I’m inclined to agree that there’s no First Amendment issue here. While the stories are of public interest, and could be arguing to be in the public interest, it’s at best relative minor and is probably outweighed by Apple’s right to keep secret its projects before release.
However, the other two issues have more merit. Think Secret did not, as has been claimed a lot around the web, give all the details of the Mac mini. In fact, its report was wrong on a number of key points, and vague about the design of the box. It didn’t give the name, there was no drawing of the product, and it would have been extremely difficult for any competitor to produce a “spoiler” product based on the report. The same is true for the other reports. I’d argue that the reports were actually vague enough to fall outside the notion of revealing trade secrets, and instead fall into the long-standing practice in trade journalism of informed speculative pieces.
This raises point number three: where the facts revealed actually covered by trade secrets law? Trade secrets law was intended to prevent economic damage to companies caused by the premature release of information, either by allowing competitors to produce “me too” products (or use FUD) or by dissuading consumers from buying the previous model. Clearly, the details in the Think Secret stories were too vague to allow competitors to create spoiler products. Had you made a machine based on the description in the Think Secret piece on the Mac mini, for example, you’d have ended up with something more like a Mac LC than a Mac mini.
So that rules out that aspect of economic damage. What about the sales factor? Well, the Think Secret report on the Mac mini appeared about two weeks before the keynote itself – hardly a vast amount of time. What’s more, few people buy in the couple of weeks before a Macworld, for the very good reason that it’s almost certain something new will come out. The kind of people who do buy aren’t the kind that read Think Secret. What’s more, Think Secret wasn’t the first site to report that a very low-cost Mac was likely to appear at Macworld: the cat, really, was out of the bag long before that, in vague reports and murmerings.

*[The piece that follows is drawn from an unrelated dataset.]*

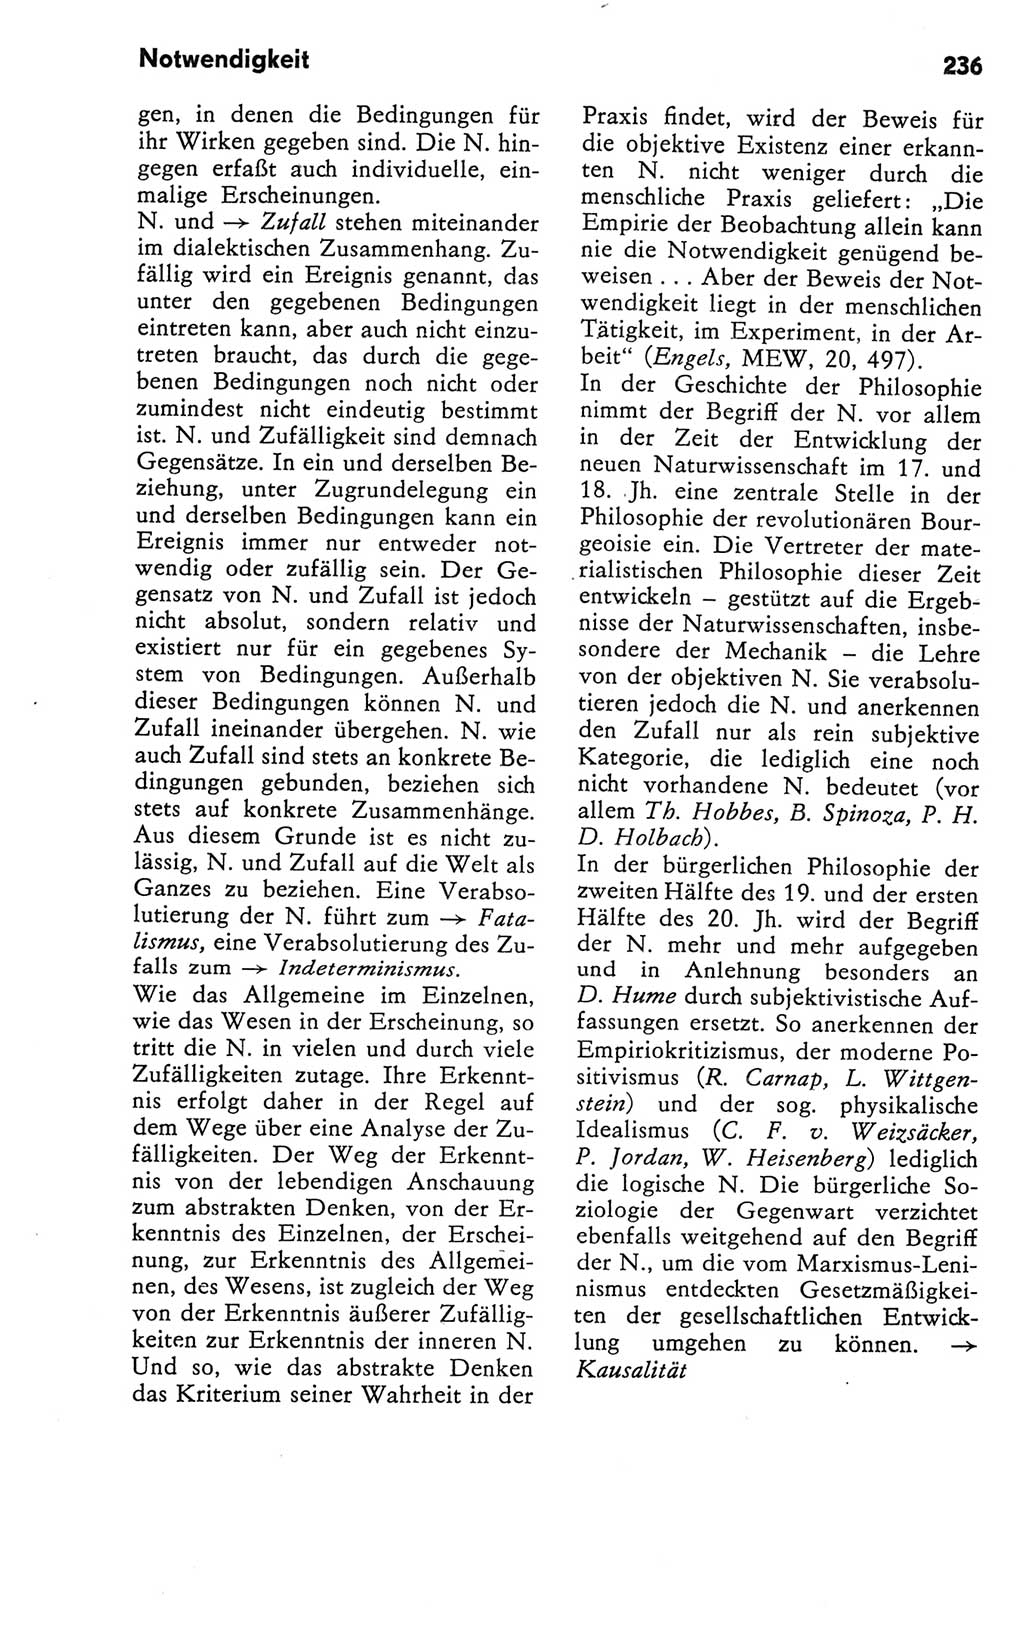 Kleines Wörterbuch der marxistisch-leninistischen Philosophie [Deutsche Demokratische Republik (DDR)] 1981, Seite 236 (Kl. Wb. ML Phil. DDR 1981, S. 236)

Scoble is right when he says that trade journalism is necessarily adversarial. The aim of a good trade journalist is to find out everything that’s going on in his industry, whether that’s a trade secret or not. Like most kinds of journalist, trade journo’s are gossips: we’re highly social people.
But what matters is what you do with that information. Personally, I don’t think that Think Secret’s stories overstepped the mark, because they were actually fairly generic and vague. Those who are talking of this as a threat to freedom of speech are wrong: at worst, it will reaffirm that you can’t print trade secrets, and that not everyone is a journalist. However, those who are talking about Apple’s absolute right to crack down on anyone who even mentions a new product are equally wrong. Some things simply aren’t trade secrets: and I’d say that nothing in Think Secret’s original reports is actually in that category.